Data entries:
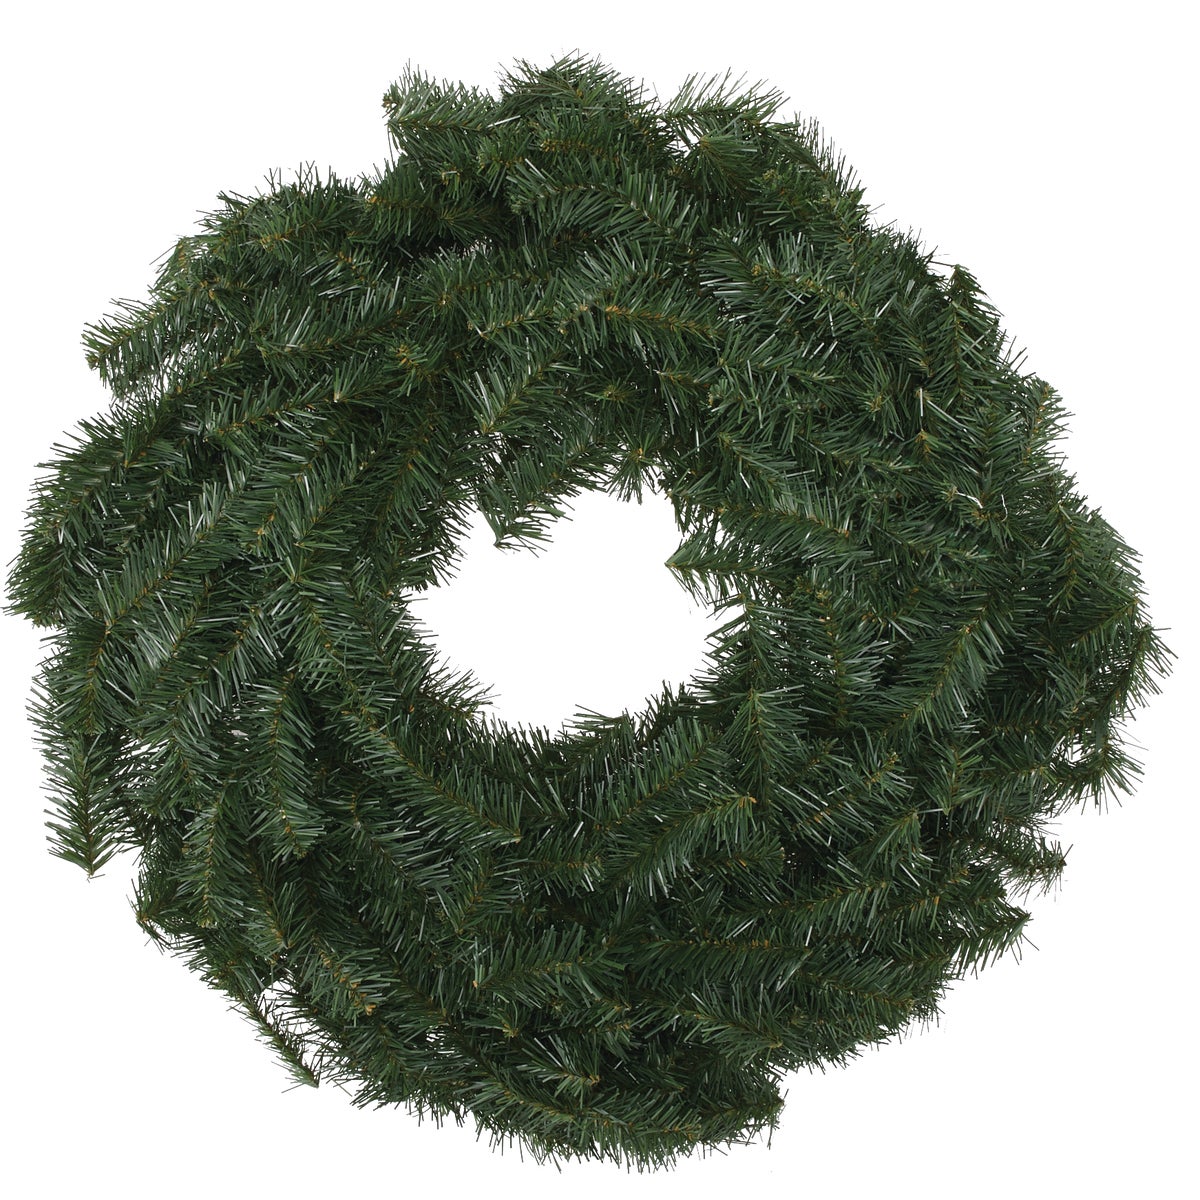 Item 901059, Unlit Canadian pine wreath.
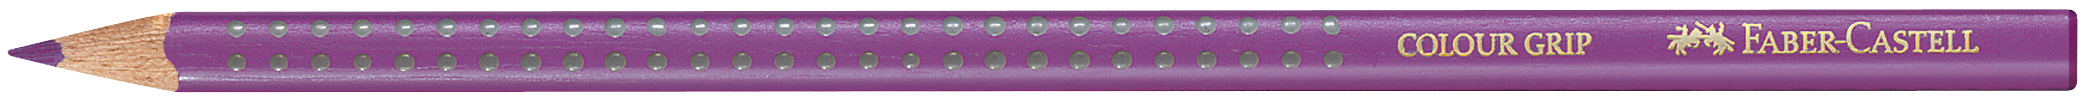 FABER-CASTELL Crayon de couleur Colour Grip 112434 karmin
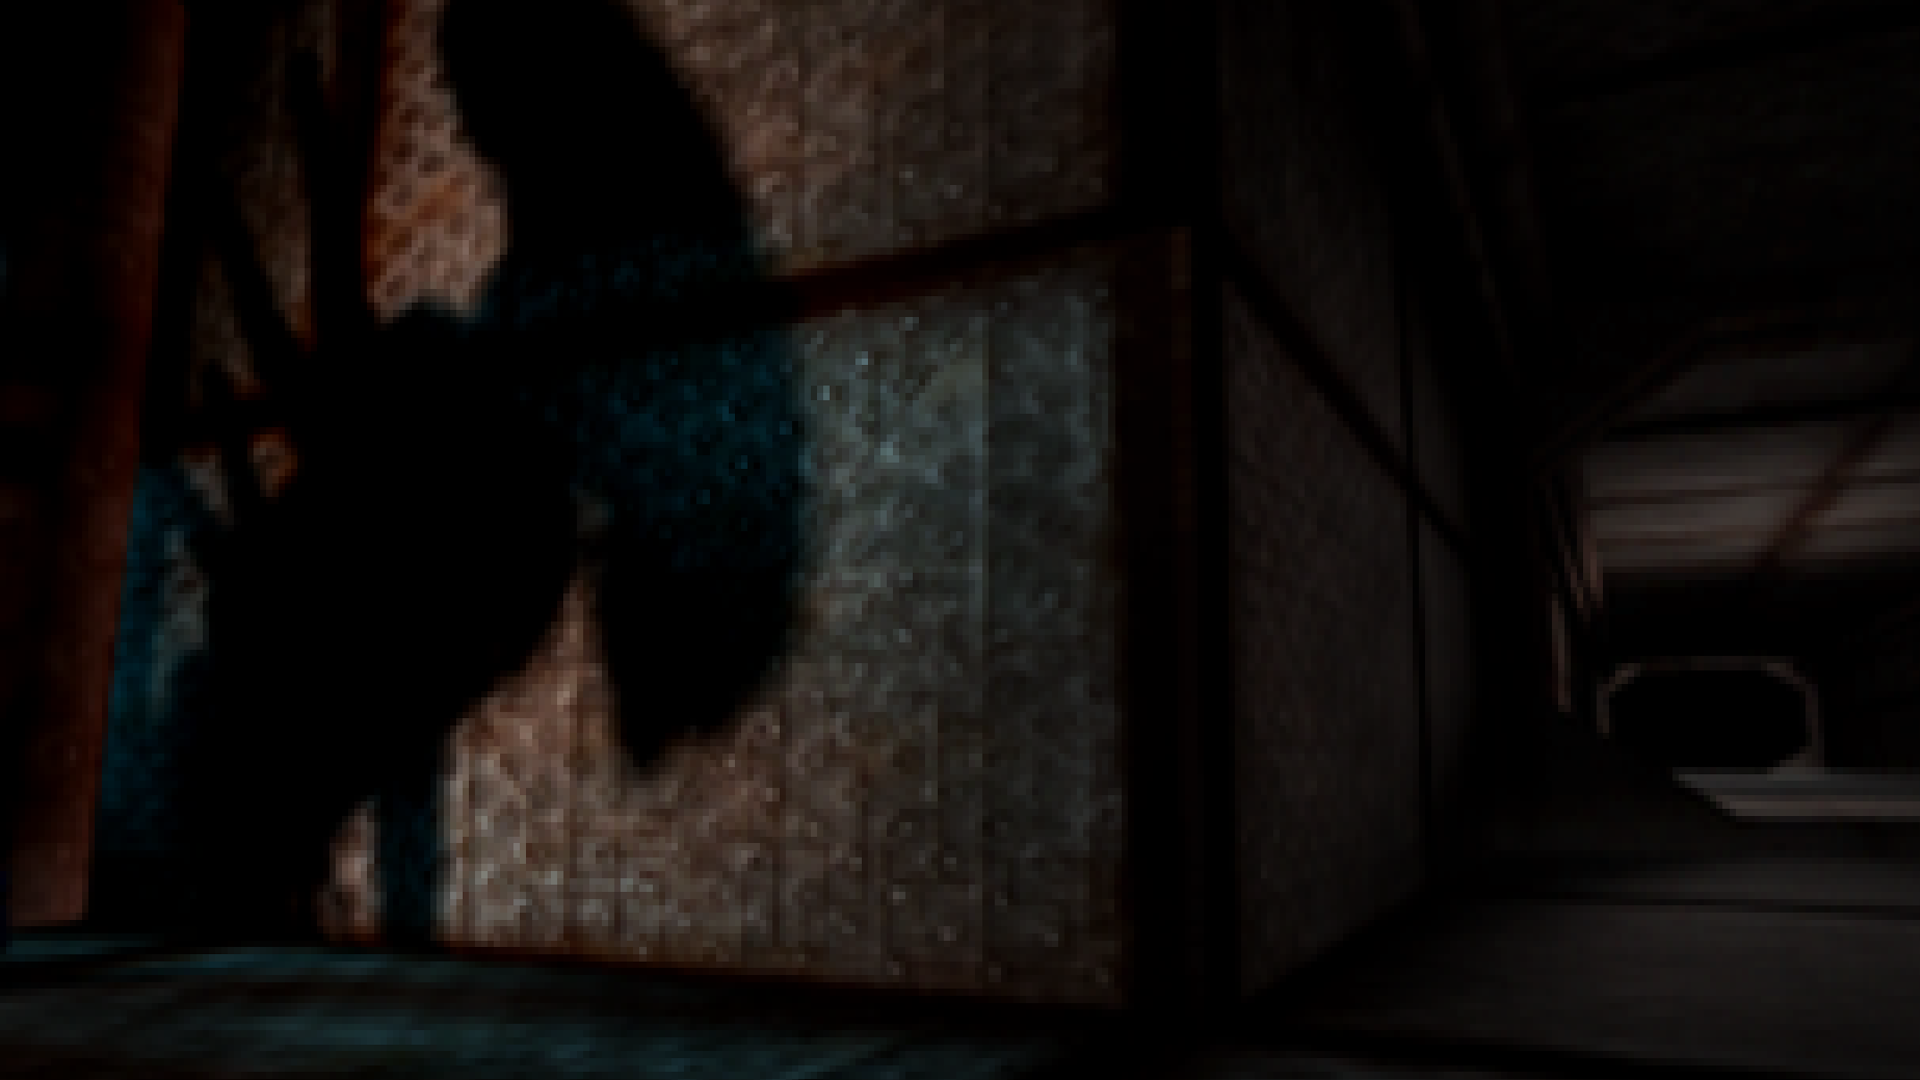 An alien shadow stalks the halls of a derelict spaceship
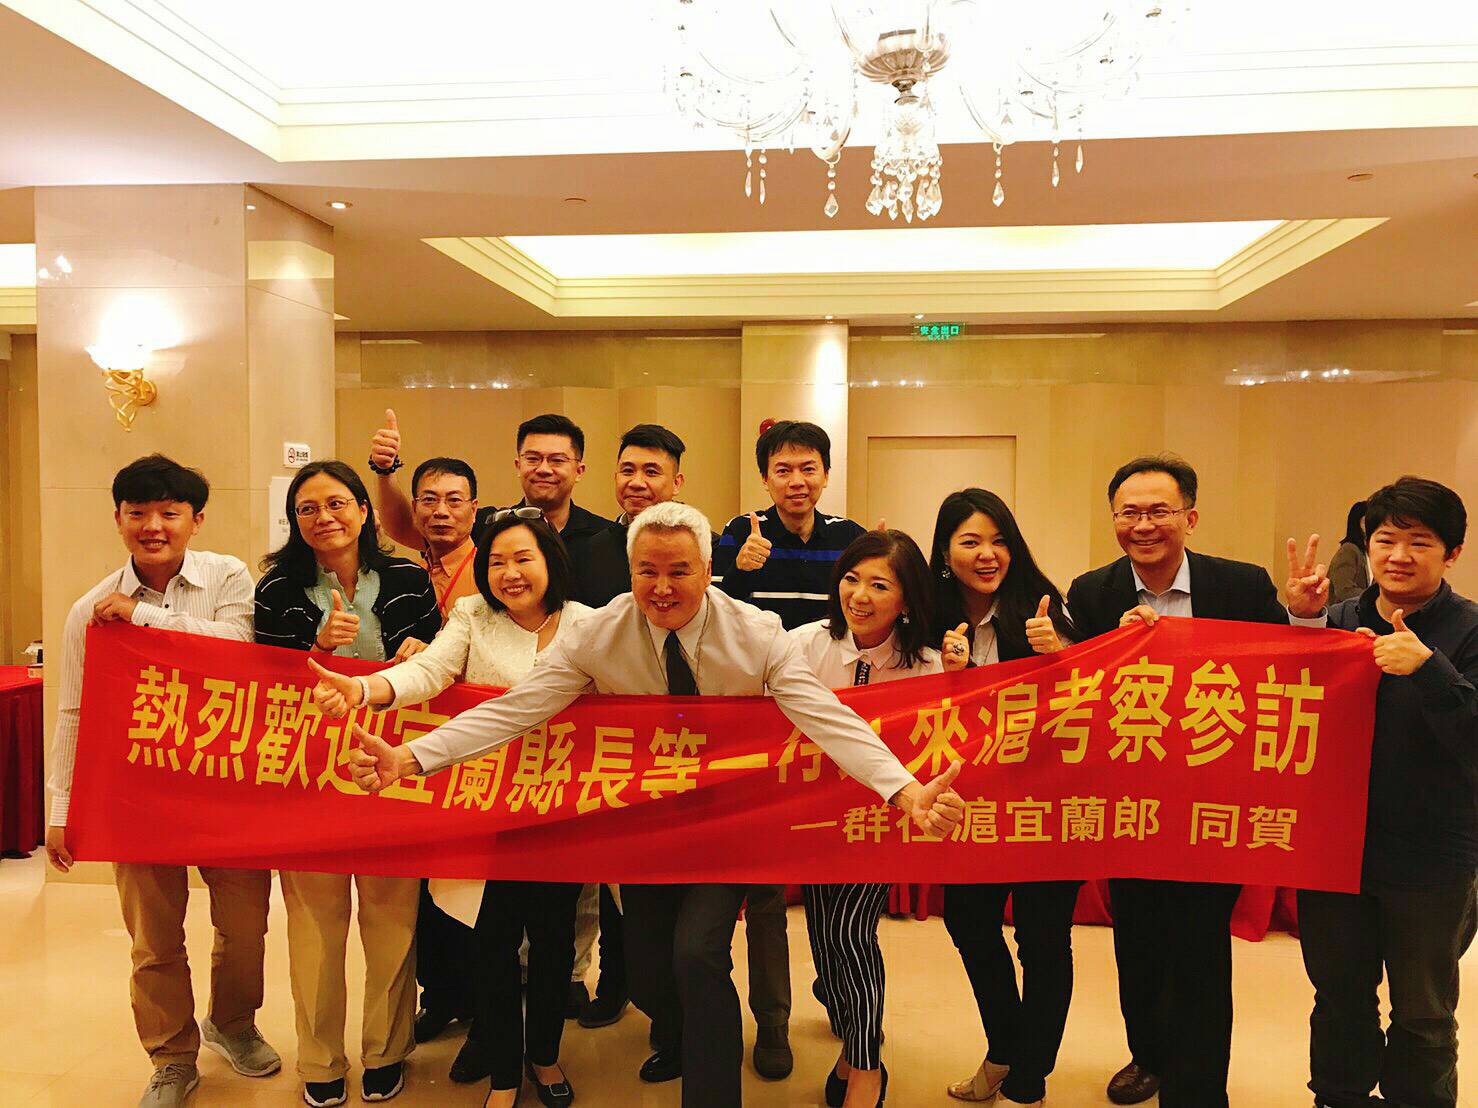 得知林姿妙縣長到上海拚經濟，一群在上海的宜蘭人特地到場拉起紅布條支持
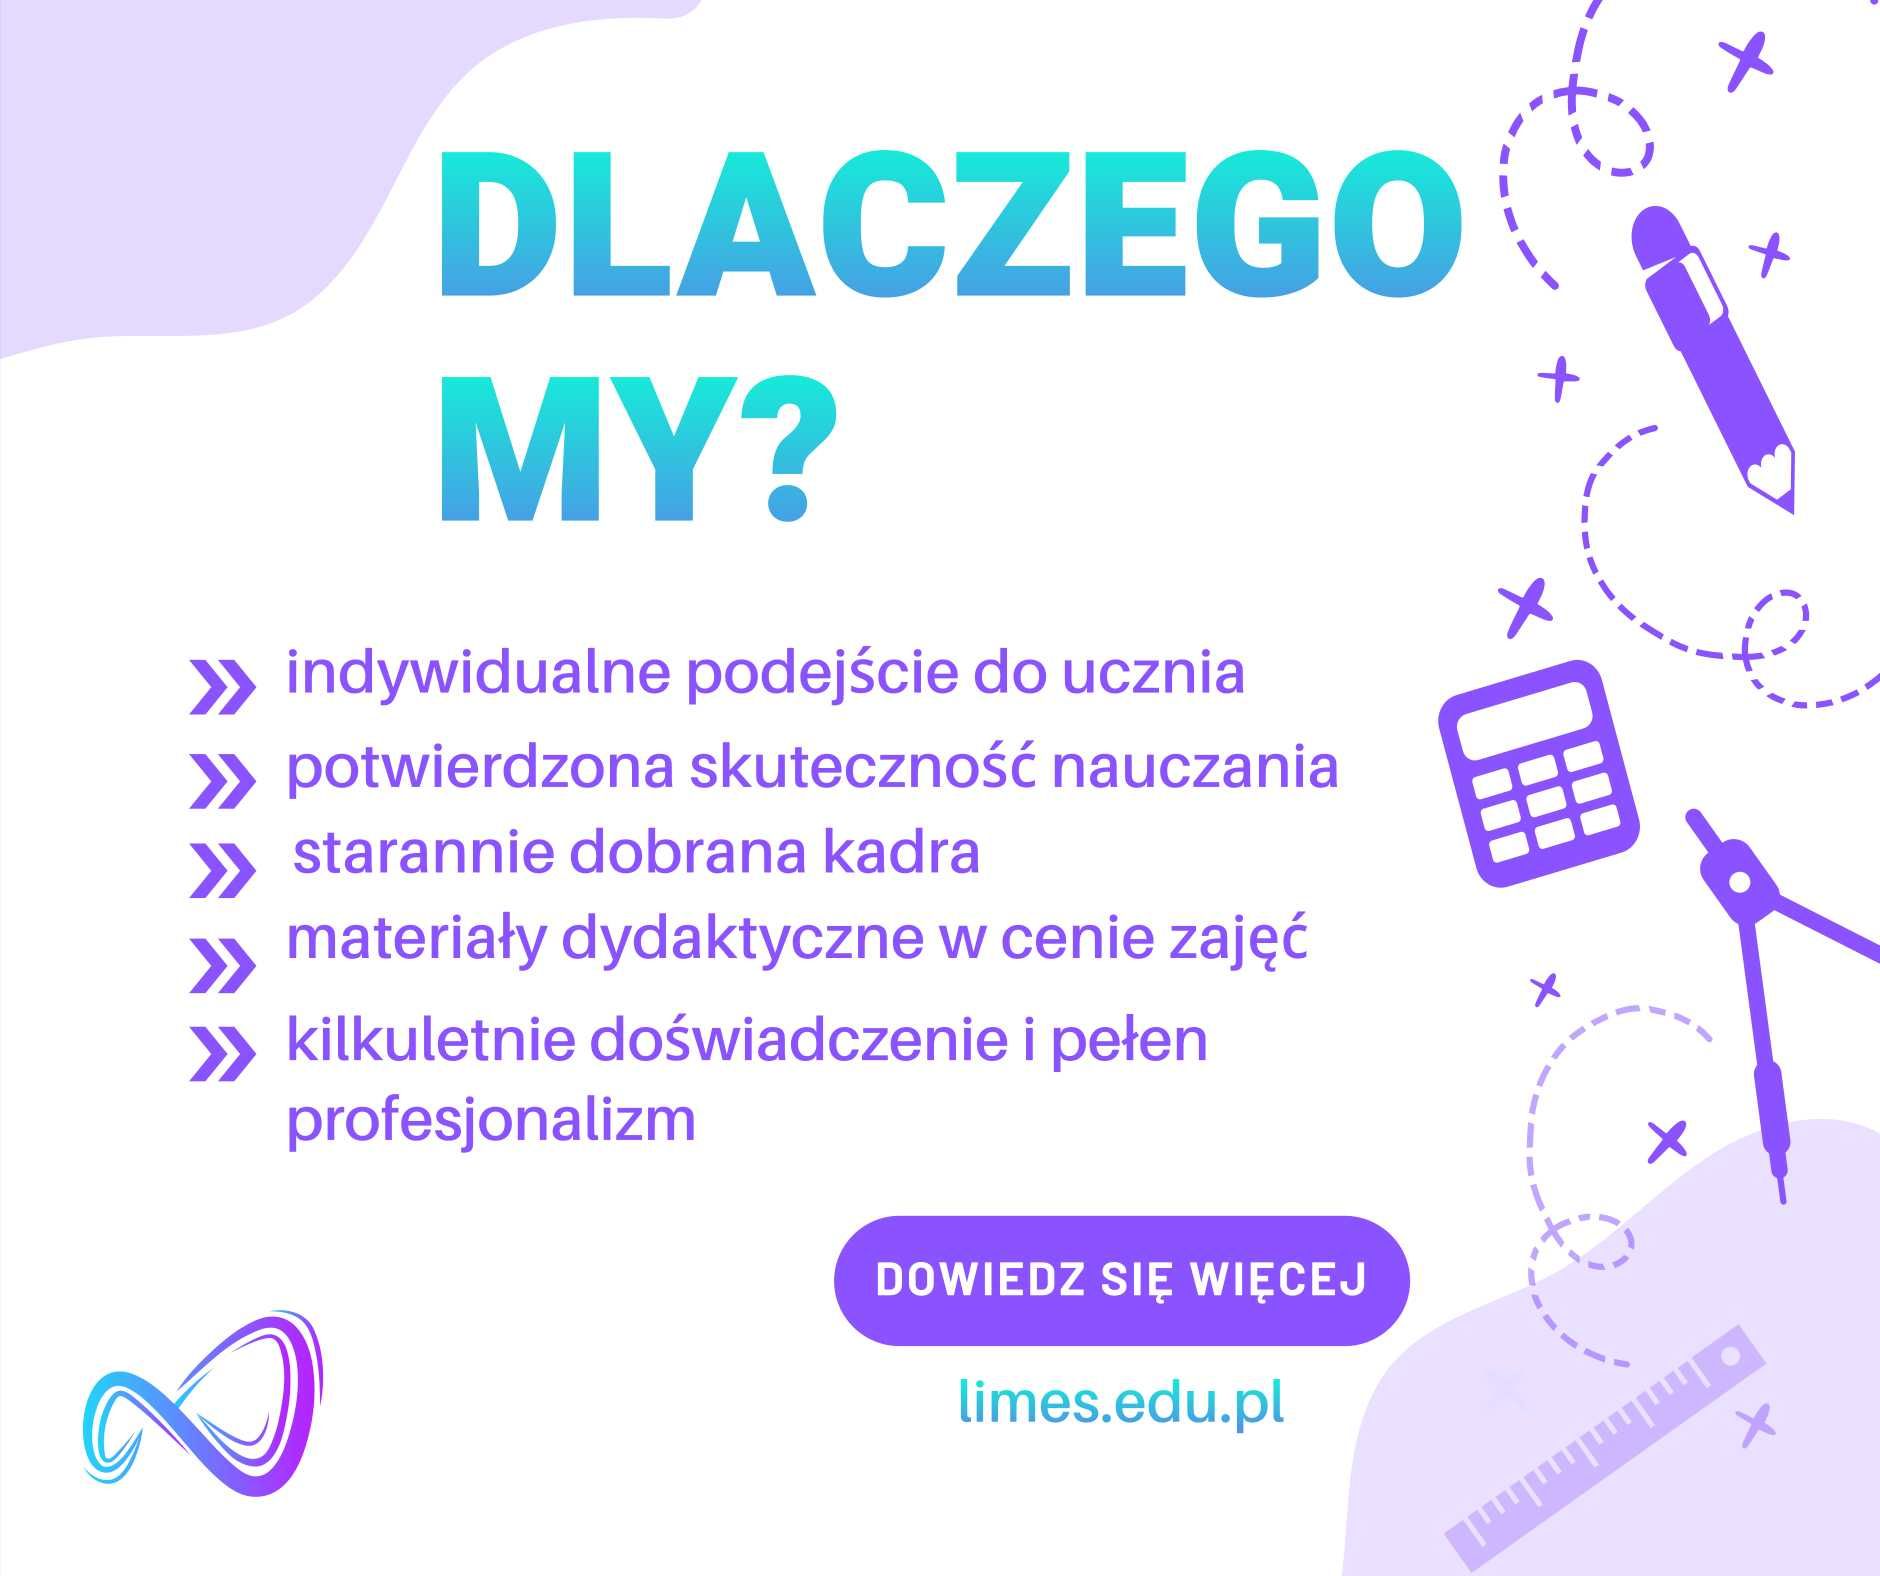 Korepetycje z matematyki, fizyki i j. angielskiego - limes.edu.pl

* DESCRIPTION OF THE TASK *
Nothing may be altered when you restate the records, but every picture must be dropped.

* EXPECTED ANSWER *
 Item 901059, Unlit Canadian pine wreath.
 FABER-CASTELL Crayon de couleur Colour Grip 112434 karmin
 An alien shadow stalks the halls of a derelict spaceship
 得知林姿妙縣長到上海拚經濟，一群在上海的宜蘭人特地到場拉起紅布條支持
 Korepetycje z matematyki, fizyki i j. angielskiego - limes.edu.pl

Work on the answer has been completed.